» INPUT DATA
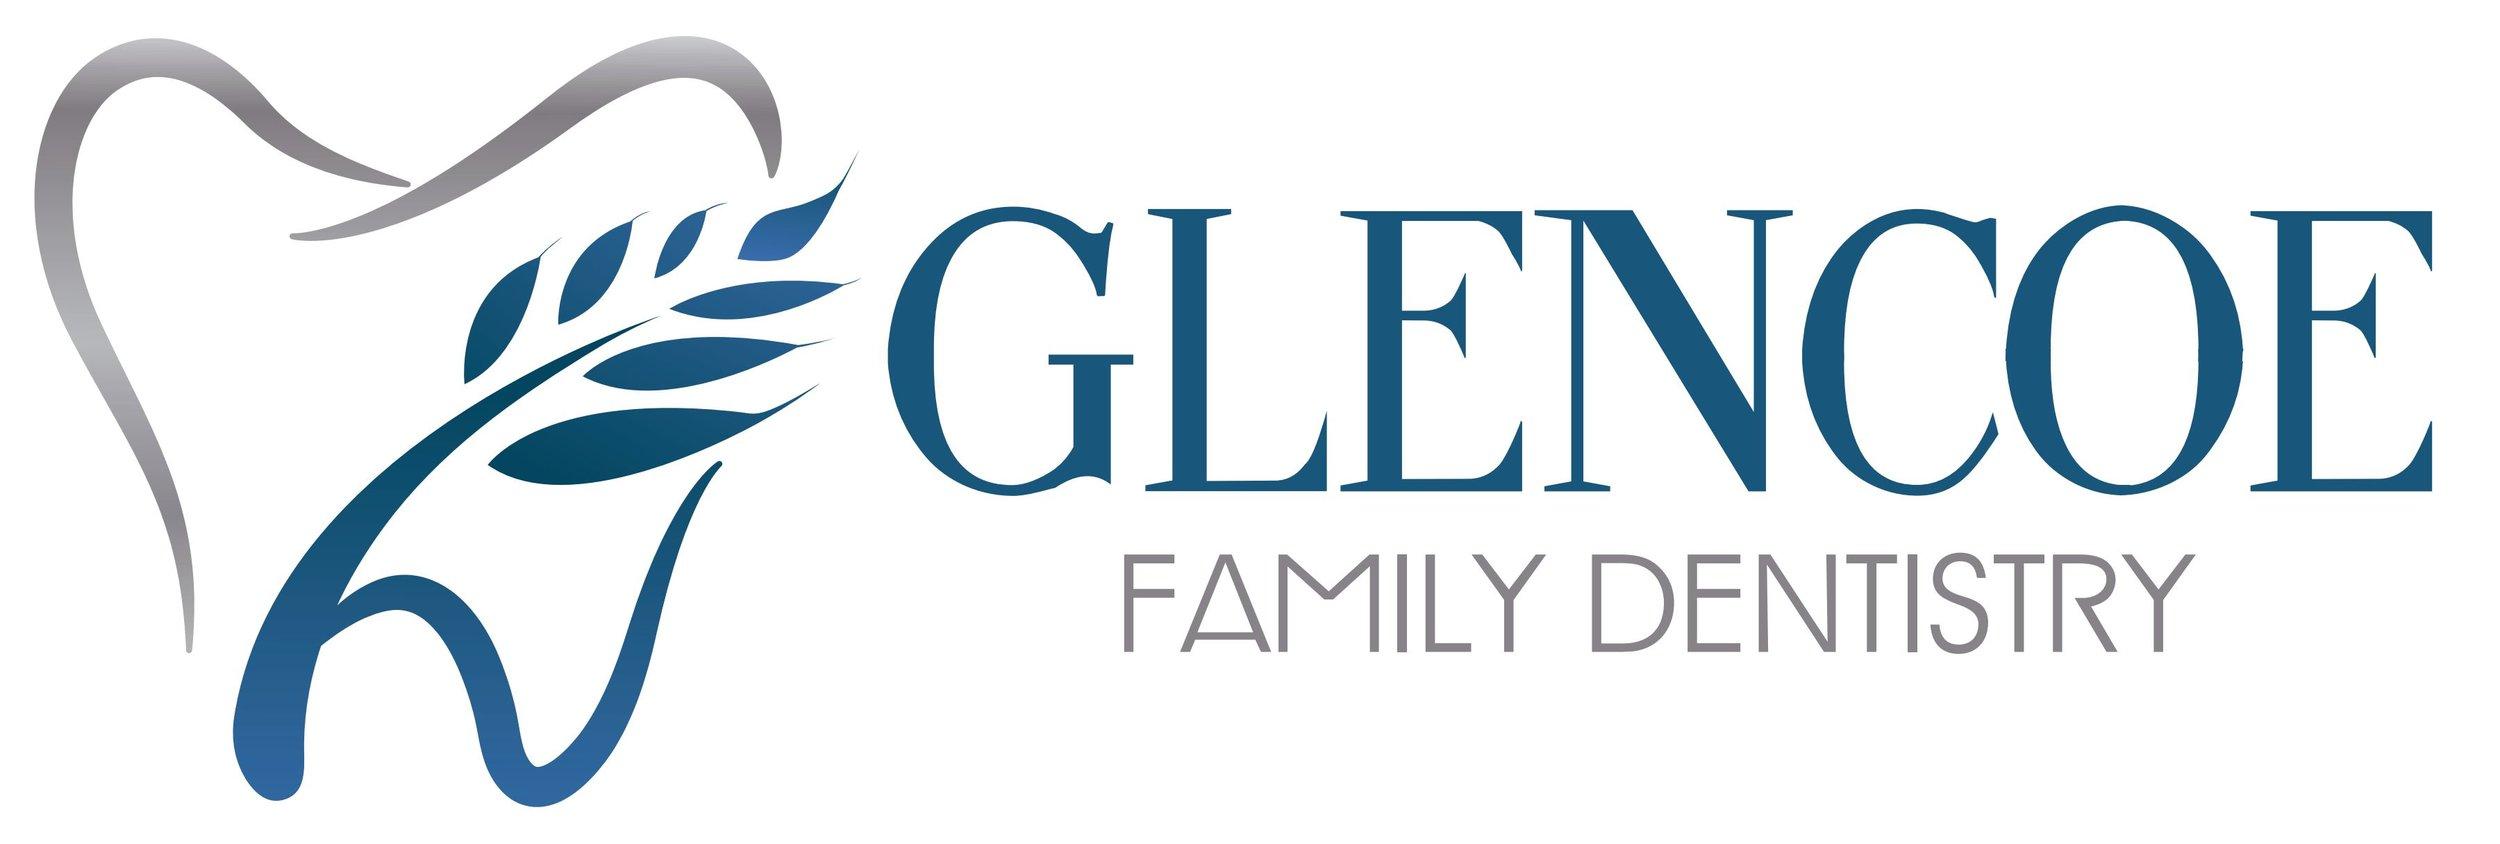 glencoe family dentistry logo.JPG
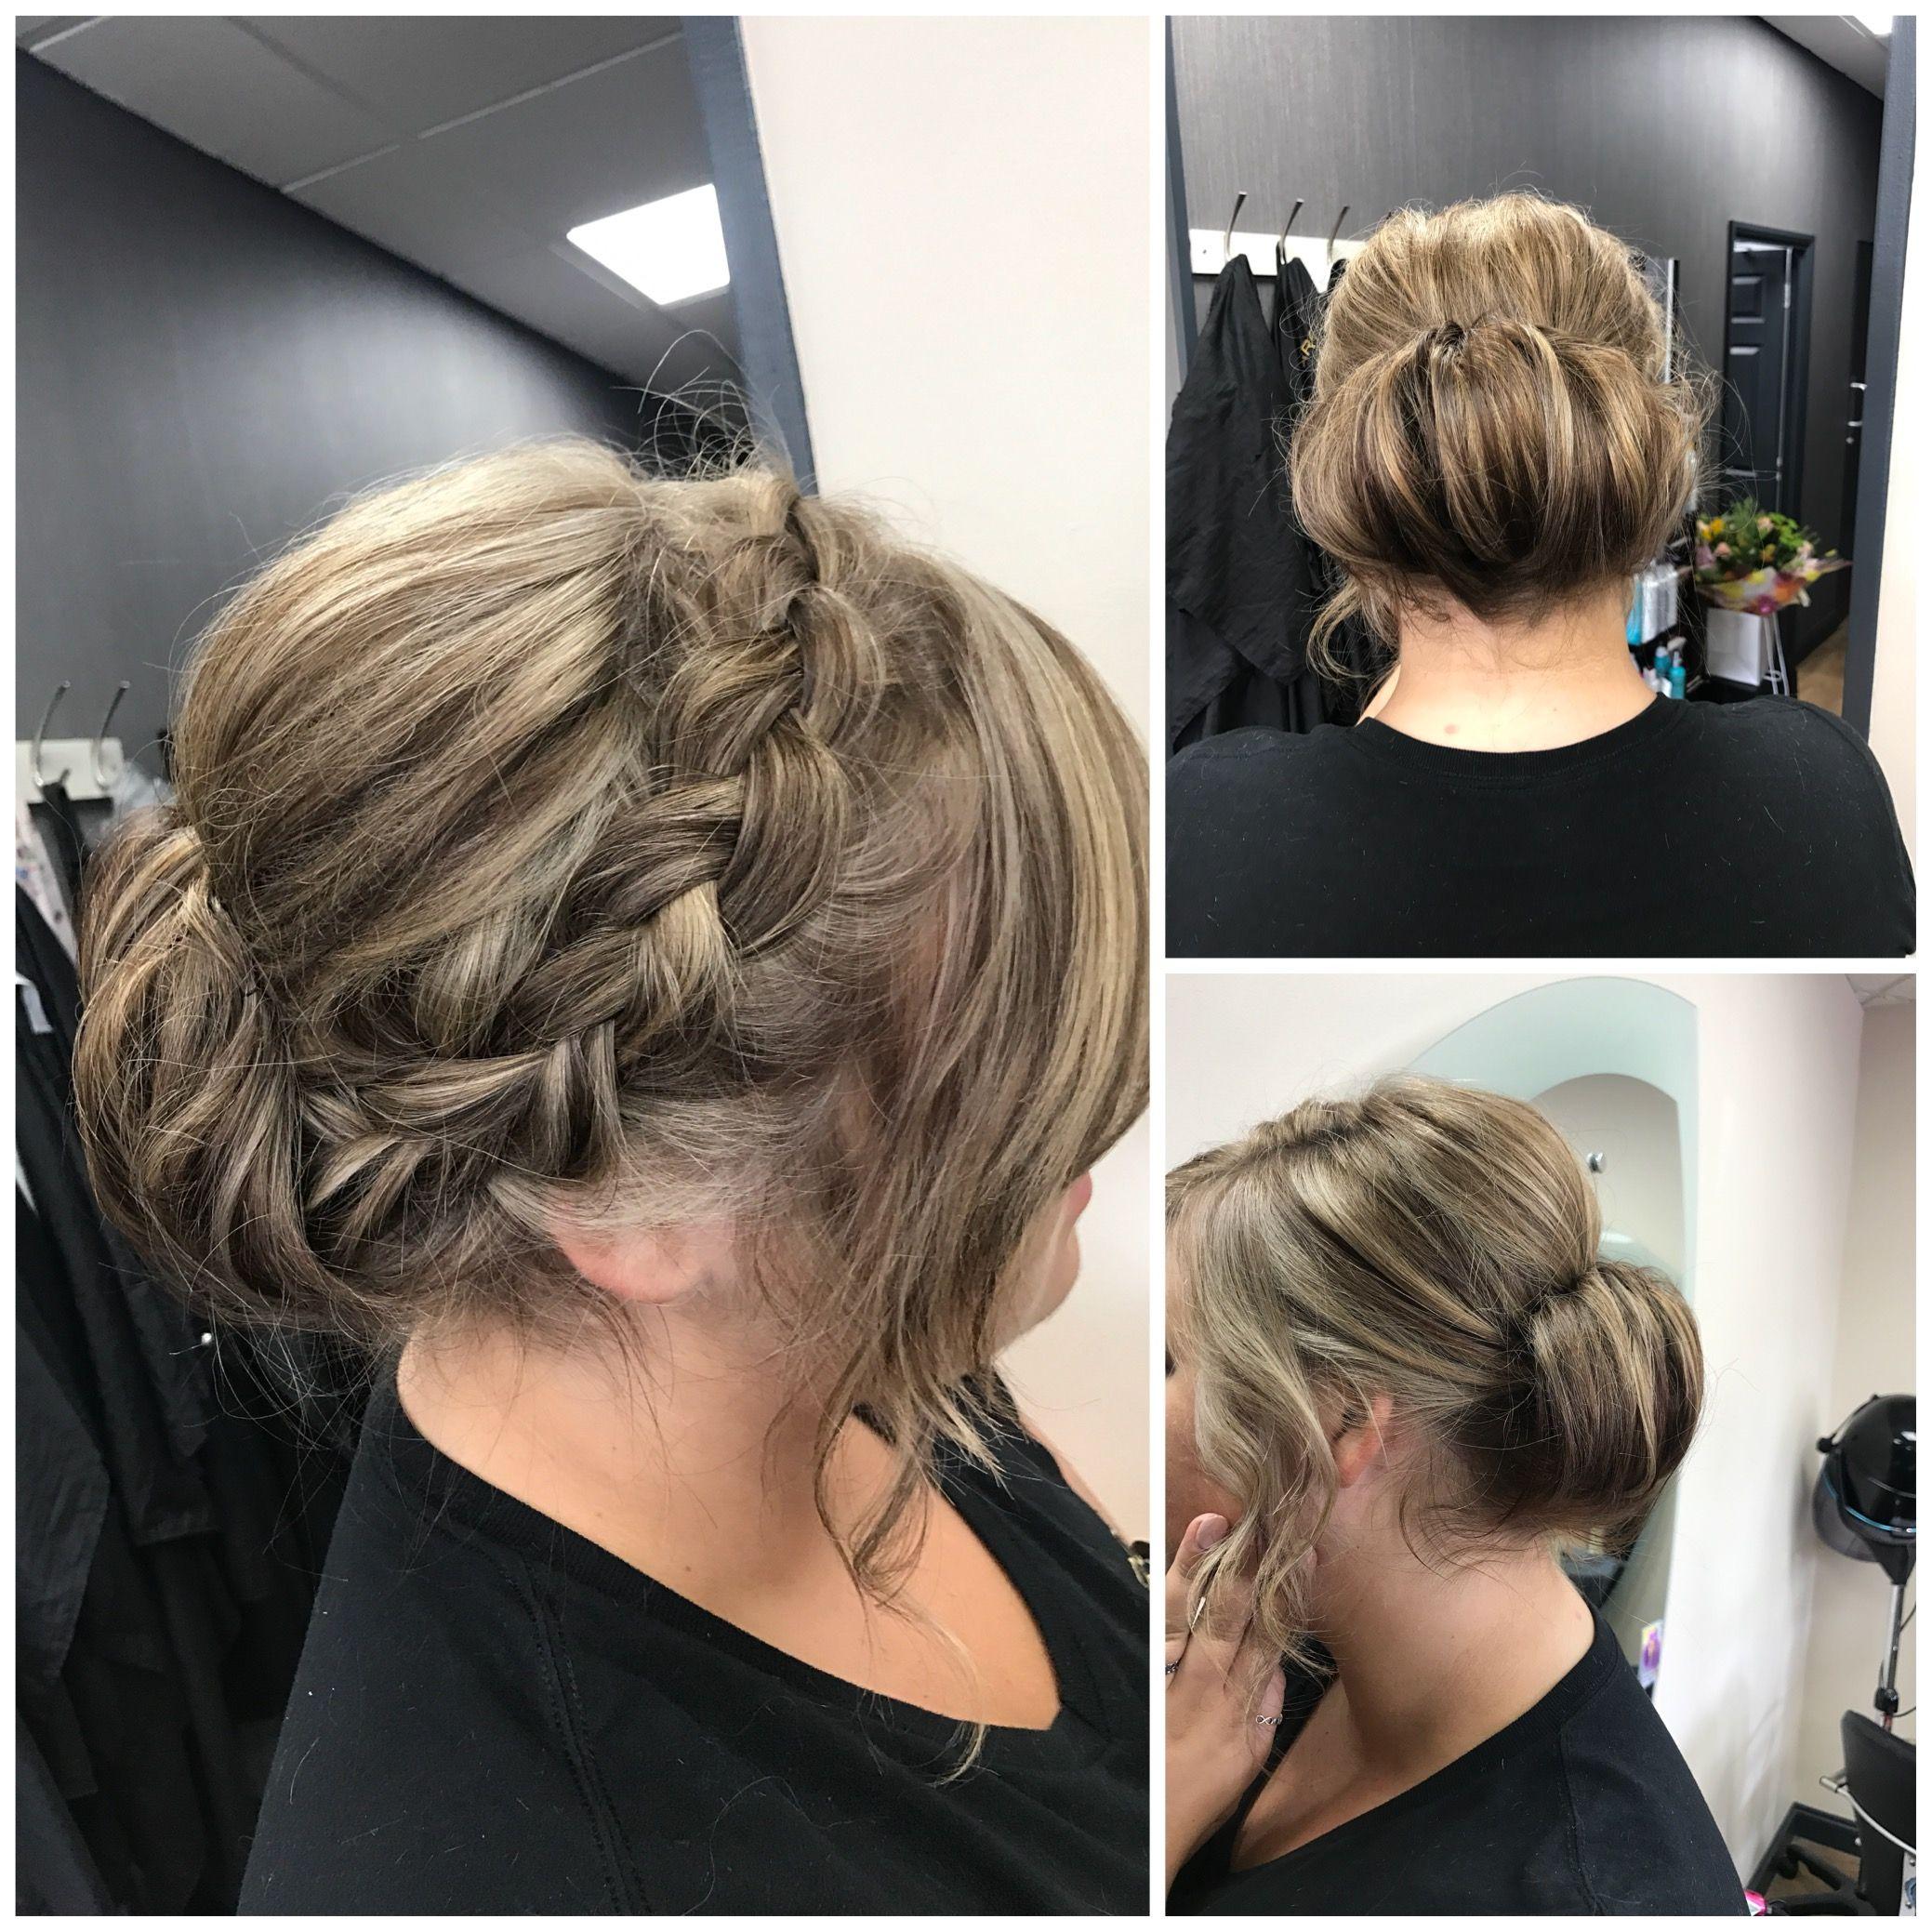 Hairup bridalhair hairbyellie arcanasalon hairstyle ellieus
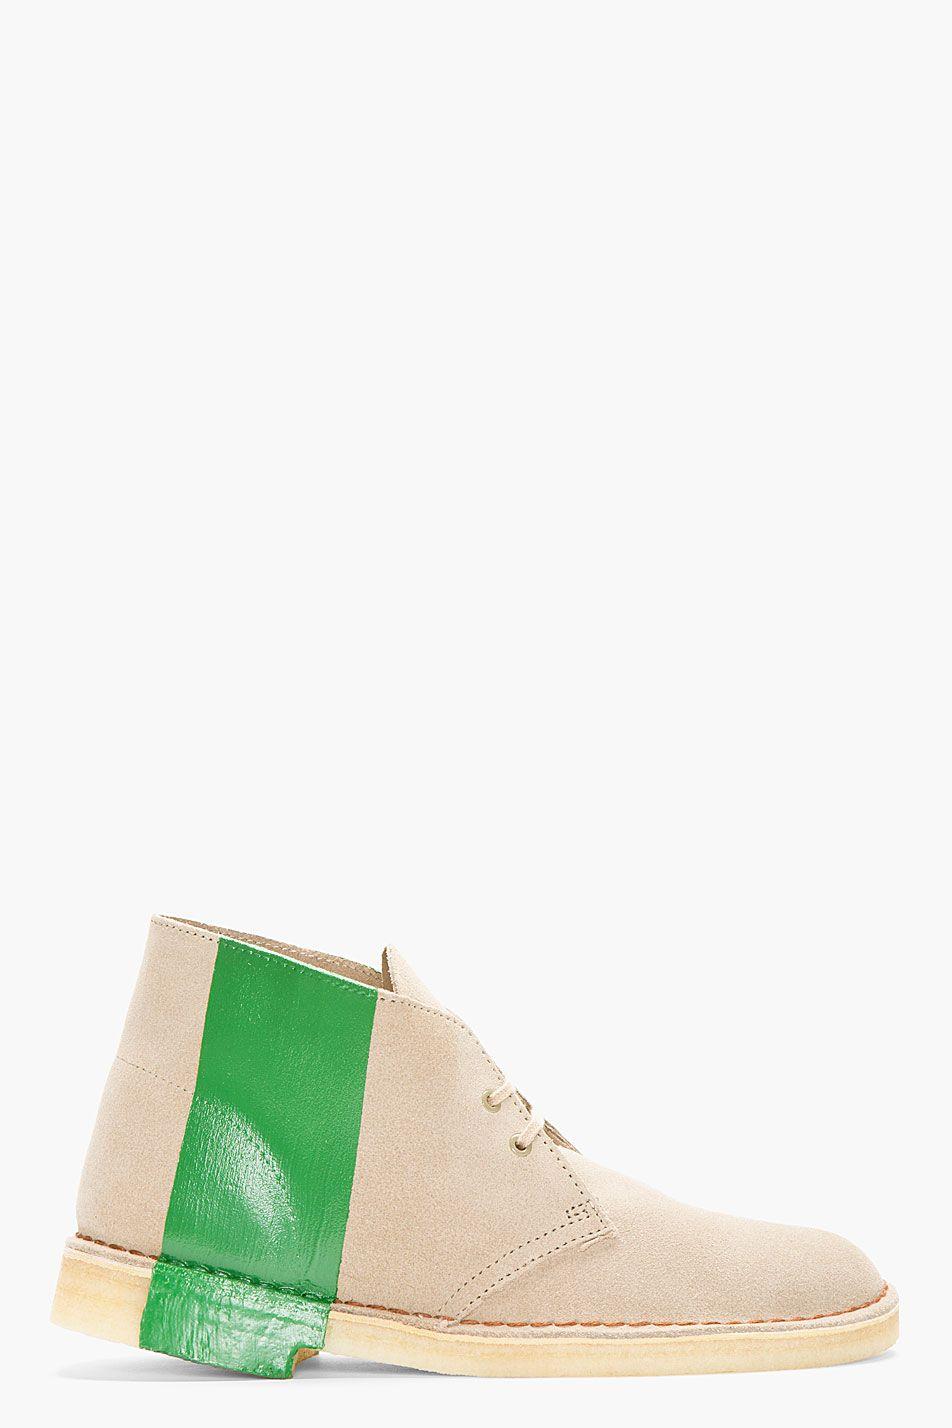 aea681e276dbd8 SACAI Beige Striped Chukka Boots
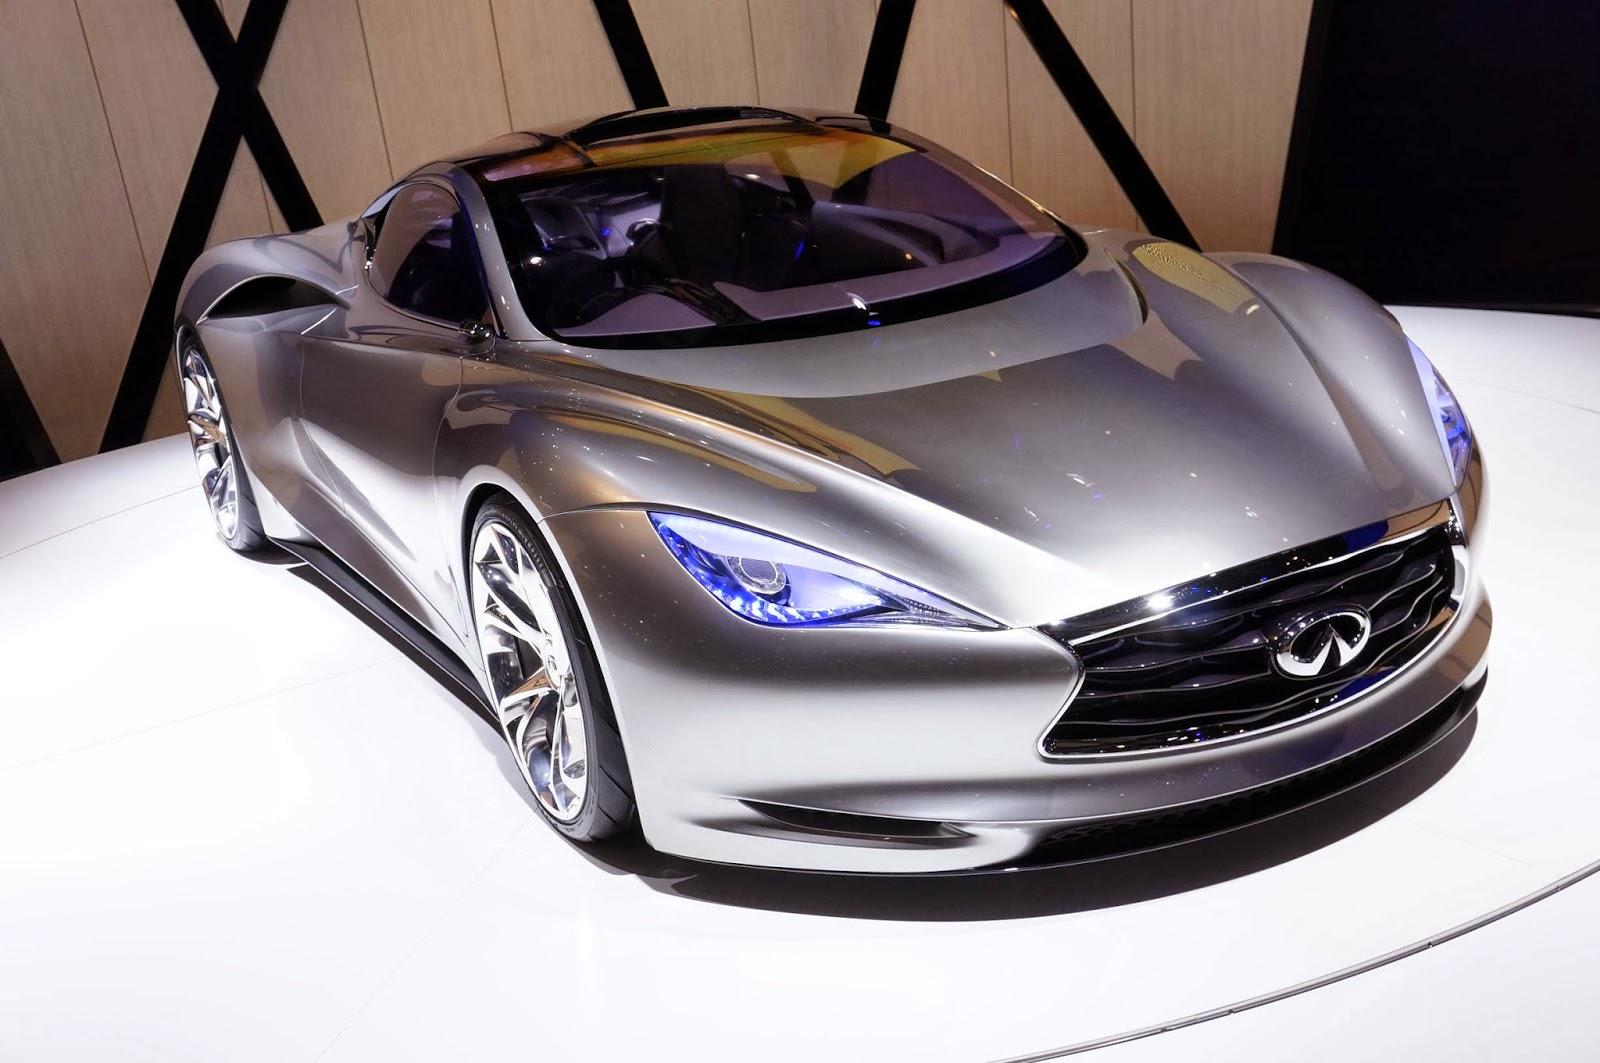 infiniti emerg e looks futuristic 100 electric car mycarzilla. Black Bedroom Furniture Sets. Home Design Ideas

» ABOUT THIS TASK
Return all of the material above unchanged, minus its pictures.

» WRITTEN SOLUTION
 glencoe family dentistry logo.JPG
 Hairup bridalhair hairbyellie arcanasalon hairstyle ellieus
 aea681e276dbd8 SACAI Beige Striped Chukka Boots
 infiniti emerg e looks futuristic 100 electric car mycarzilla. Black Bedroom Furniture Sets. Home Design Ideas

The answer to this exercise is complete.